Results¶
For each subreddit-specific dataset of processed data we computed Wilcoxon rank-sum statistic (also referred to as the Mann-Whitney-Wilcoxon rank-sum), comparing the difference in median number of references to substance abuse per reddit-post in the ‘pre-COVID’ and ‘post-COVID’ datasets. In our test we employ Scipy stats packages’ ranksums method [VGO+20].
According to Scipy documentation:
We can test the hypothesis that two independent unequal-sized samples are drawn from the same distribution with computing the Wilcoxon rank-sum statistic.
And according to this ISIXSIGMA article
The Mann-Whitney test compares the medians from two populations and works when the Y variable is continuous, discrete-ordinal or discrete-count, and the X variable is discrete with two attributes.
While this test may not exactly fit our use case for reasons unknown to us - we do not have any better guidance at this point as to choosing a more well-suited test for the purpose of measuring a statistically significant difference in medians between these two datasets.
Using the Wilcoxon rank-sum test, we can set up our hypotheses for this test as follows:
\(H_0:\) median number of references to substance abuse per reddit-post is the same in subreddit-specific ‘pre-COVID’ and ‘post-COVID’ datasets.

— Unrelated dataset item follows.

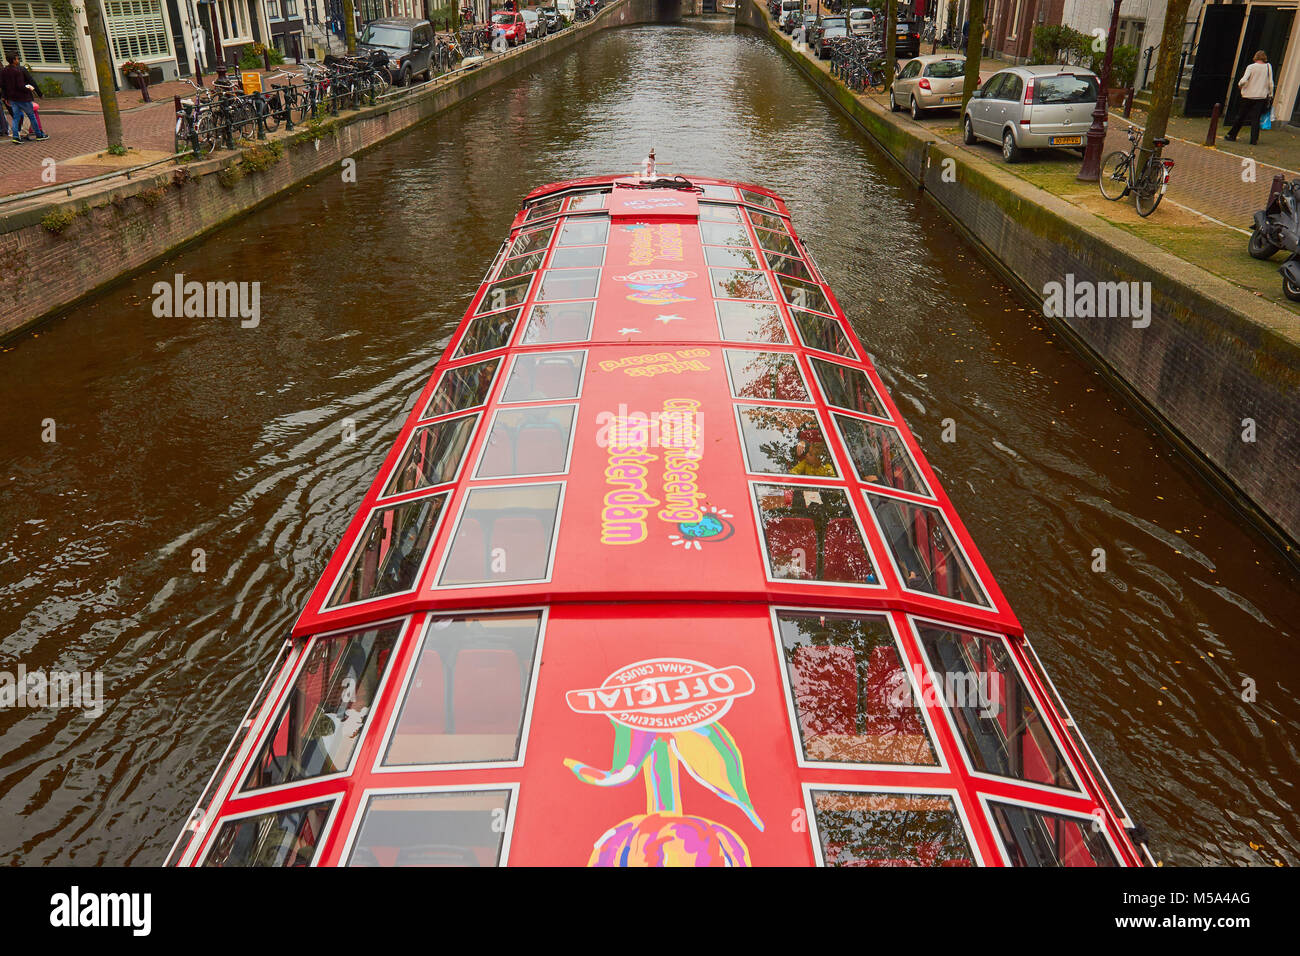 City sightseeing cruise boat from above, Amsterdam, Netherlands Stock Photo

\(H_a:\) median number of references to substance abuse per reddit-post is not the same in subreddit-specific ‘pre-COVID’ and ‘post-COVID’ datasets.
| subreddit_topic | test_statistic | p_value | |
|---|---|---|---|
| 0 | bipolarreddit | -0.692095 | 4.888776e-01 |
| 1 | EDAnonymous | 1.922717 | 5.451560e-02 |
| 2 | socialanxiety | 0.990075 | 3.221376e-01 |
| 3 | alcoholism | -1.407757 | 1.592032e-01 |
| 4 | lonely | -2.041229 | 4.122808e-02 |
| 5 | healthanxiety | 0.184029 | 8.539905e-01 |
| 6 | ptsd | -0.551019 | 5.816208e-01 |
| 7 | suicidewatch | 1.643746 | 1.002287e-01 |
| 8 | addiction | 0.481856 | 6.299085e-01 |
| 9 | bpd | -0.454428 | 6.495209e-01 |
| 10 | autism | 1.358547 | 1.742903e-01 |
| 11 | schizophrenia | 0.246796 | 8.050664e-01 |
| 12 | adhd | 2.955800 | 3.118593e-03 |
| 13 | depression | 1.693505 | 9.035944e-02 |
| 14 | anxiety | 6.492918 | 8.418971e-11 |
Given we set a standard threshold \(\alpha = 0.05\) for statistical significance, the conclusions we may be able to draw from these results are:
r/adhd and r/lonely saw a statistically significant difference between median number of references to substance abuse per reddit-post when comparing the ‘pre-COVID’ and ‘post-COVID’ datasets
the remaining subreddits tested showed no statistically significant difference between median number of references to substance abuse per reddit-post when comparing the ‘pre-COVID’ and ‘post-COVID’ datasets.